Tibial dyschondroplasia (TD) is characterized by expansion of the proximal growth plates of the tibiotarsus that fail to form bone, lack blood vessels, and contain non-viable cells. Thiram (a carbamate pesticide), when fed to young broiler chicks, induces TD with high regularity and precision. We used this experimental model to understand the cause of the defects associated with TD by selecting and identifying the genes differentially expressed in the TD growth plate of broiler chickens. Broiler chicks at 7 days of age were randomly divided into two groups. After fasting overnight, they were fed with regular diet (control) or the same diet containing 100 mg/kg thiram for 96 h to induce TD (thiram-fed). mRNA was purified from the growth plates of control and thiram-fed broilers. Forward and reverse-subtracted cDNA libraries were generated by suppression subtractive hybridization technology. Ten selected genes from cDNA libraries were identified by real-time quantitative polymerase chain reaction. All were differentially expressed in TD growth plates (P<0.05 or P<0.01). The levels of collagen type X (Col X), pro-alpha-1 collagen type I (Col I α1), collagen type IX (Col IX), NADH dehydrogenase (NADH DH), cytochrome C oxidase subunit III (COX III), enolase 1, alpha (ENO1), carbonic anhydrase II (CA2) and heat shock protein 90 (Hsp90) mRNA transcripts were up-regulated, while the expression levels of Matrilin 3 (MATN3) and chondromodulin-I (ChM-I) were down-regulated. Col I and Hsp90 were detected by immunohistochemistry at different stages. Given that these genes are involved in matrix formation, endochondral ossification, developmental regulation, electron transport in the mitochondrial respiratory chain and vascularization, our findings may provide new insights into understanding the pathogenesis of TD.

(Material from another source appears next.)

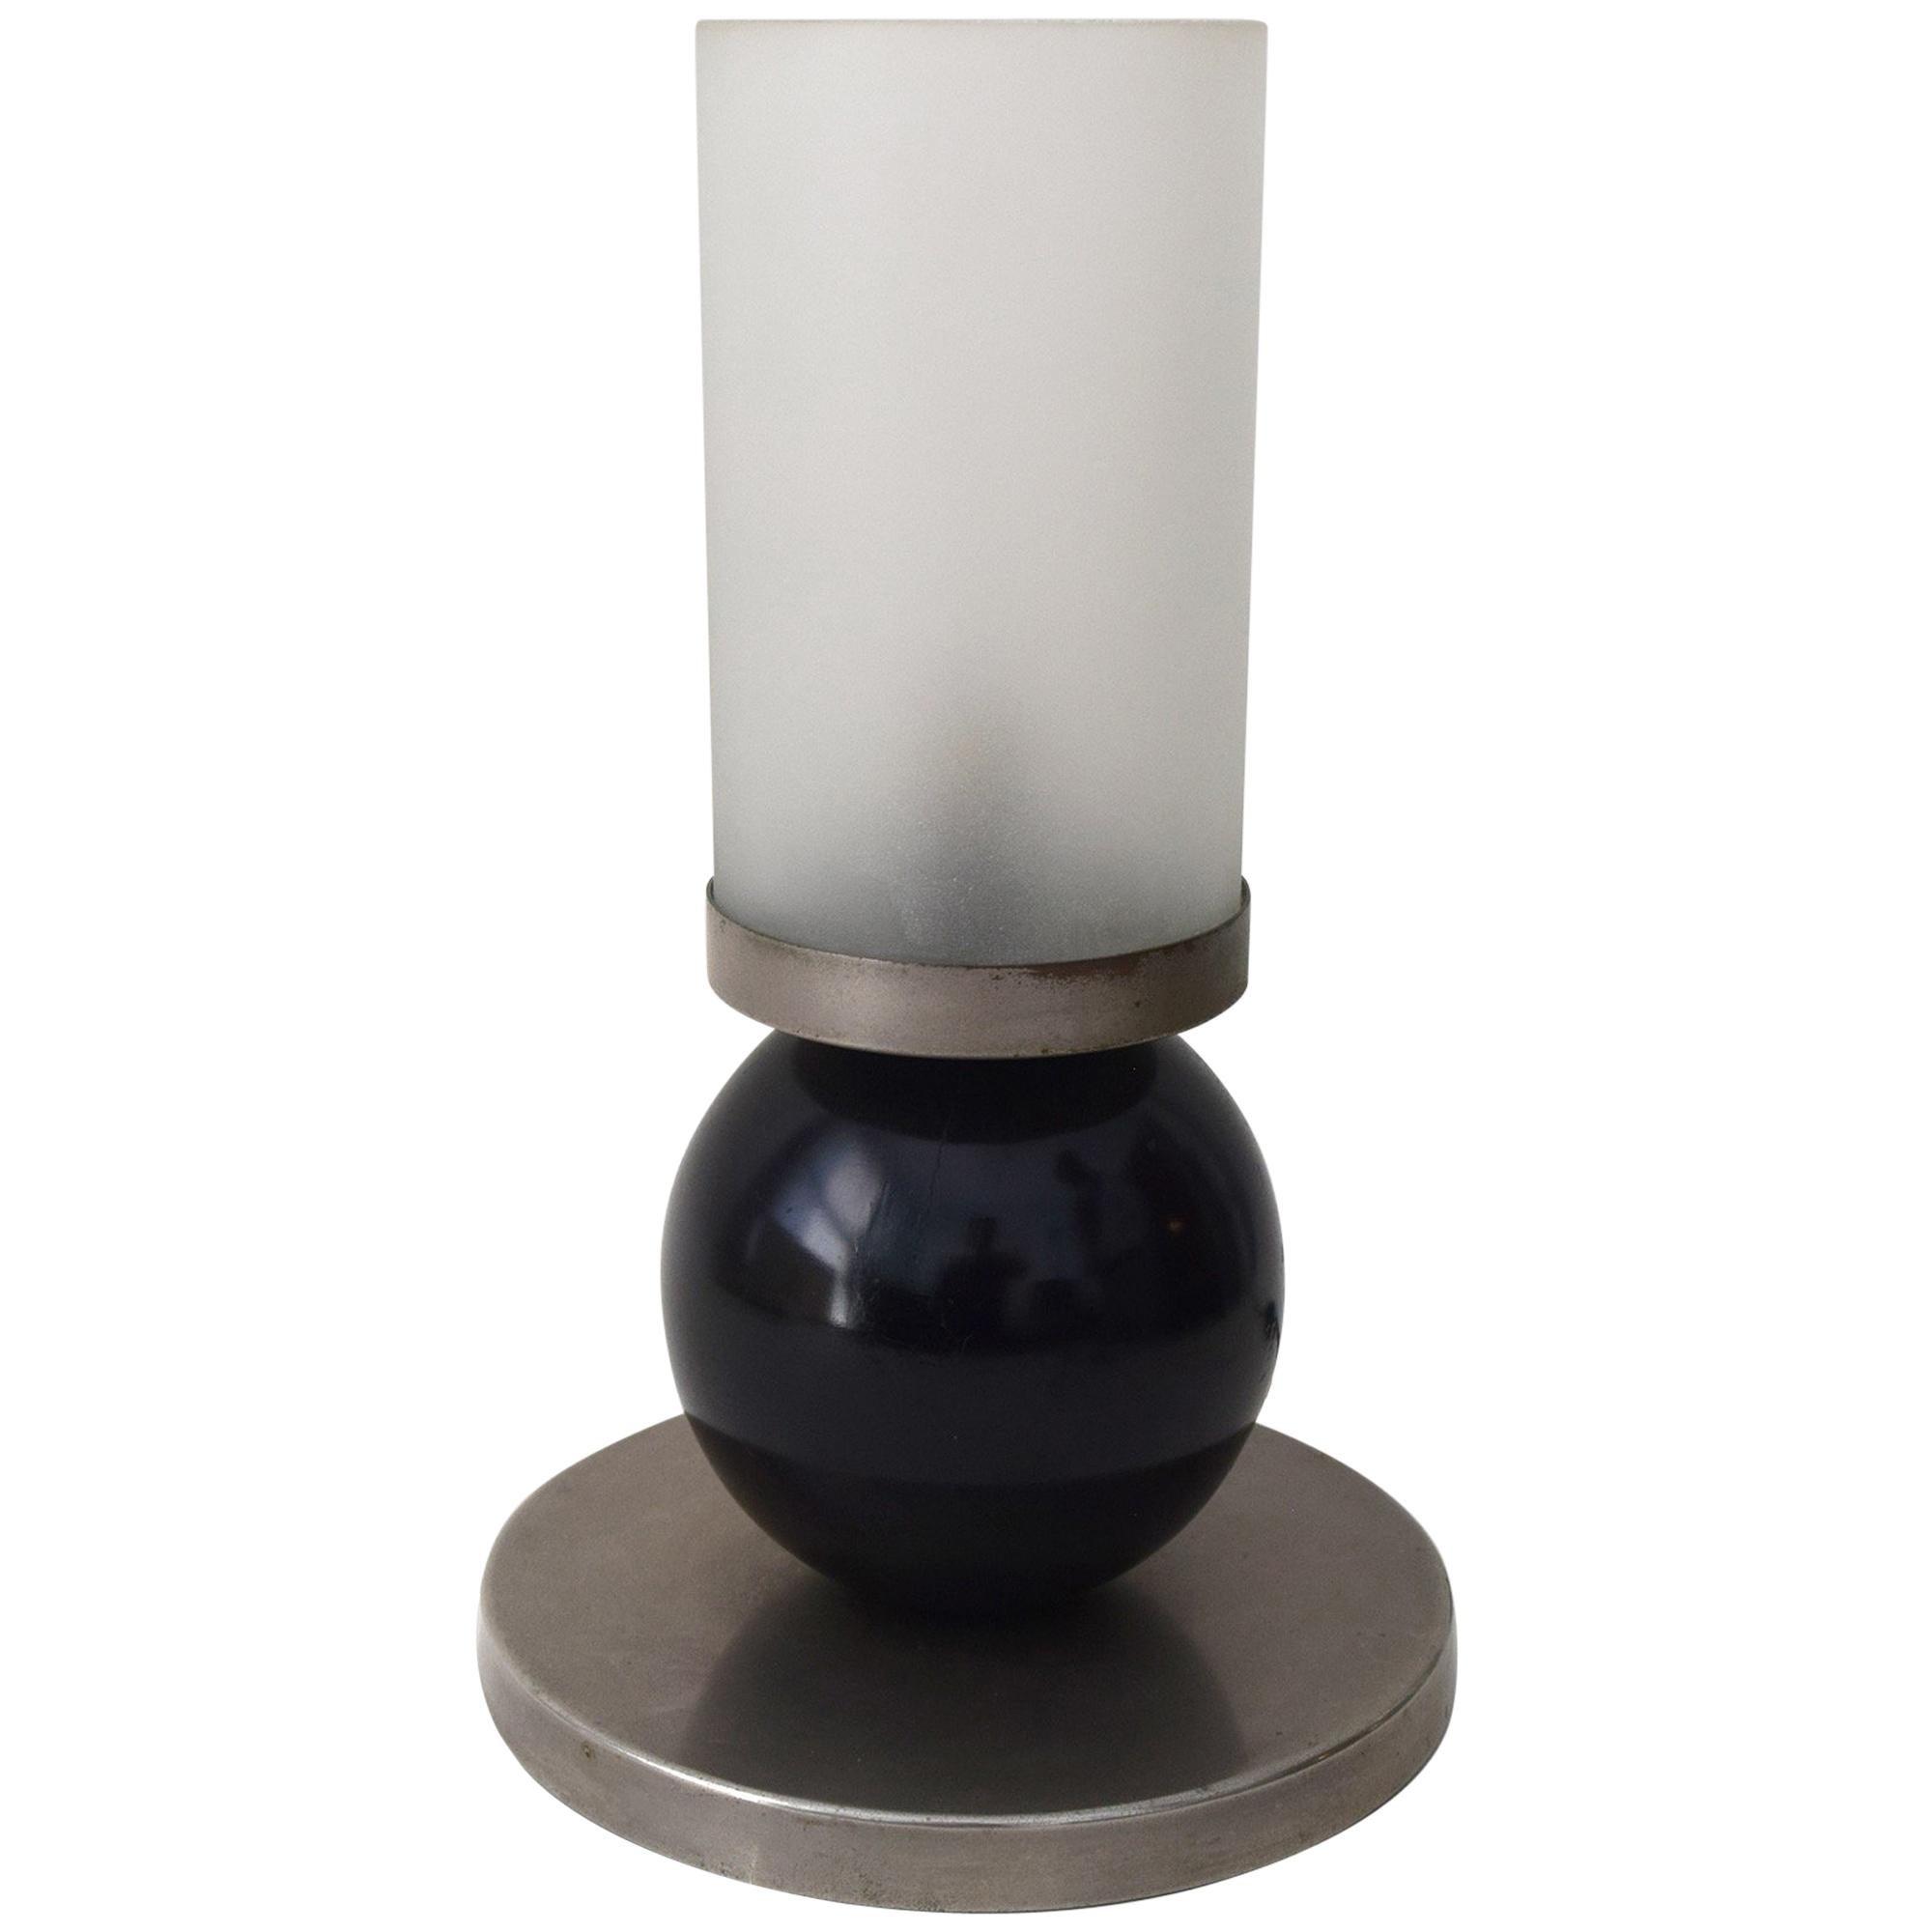 Boris Lacroix 1930s Modernist Lamp

机译:胫骨软骨发育不良(TD)的特征是胫骨tar骨的近端生长板扩张,无法形成骨骼,缺乏血管并包含无活力的细胞。当将Thiram(一种氨基甲酸酯杀虫剂)喂给雏鸡时,它能以高规律性和精确度诱导TD。我们通过选择和鉴定肉鸡TD生长板中差异表达的基因,使用该实验模型来了解与TD相关的缺陷的原因。将7日龄的小鸡随机分为两组。禁食过夜后,给他们喂以常规饮食(对照)或含有100 mg / kg锡拉姆的相同饮食,持续96小时以诱导TD(锡拉姆喂养)。从对照和硫胺素肉鸡的生长板中纯化mRNA。通过抑制消减杂交技术产生正向和反向扣除的cDNA文库。通过实时定量聚合酶链反应鉴定了从cDNA文库中选择的10个基因。均在TD生长平板中差异表达(P <0.05或P <0.01)。 X型胶原蛋白(Col X),pro-alpha-1 I型胶原蛋白(Col Iα1),IX型胶原蛋白(Col IX),NADH脱氢酶(NADH DH),细胞色素C氧化酶亚基III(COX III)的水平),烯醇酶1,α(ENO1),碳酸酐酶II(CA2)和热休克蛋白90(Hsp90)mRNA转录上调,而基质胶3(MATN3)和软骨调节蛋白I(ChM-1)的表达水平被下调了。通过免疫组织化学在不同阶段检测Col I和Hsp90。鉴于这些基因参与基质形成,软骨内骨化,发育调节,线粒体呼吸链中的电子运输和血管形成,我们的发现可能为理解TD的发病机理提供新的见解。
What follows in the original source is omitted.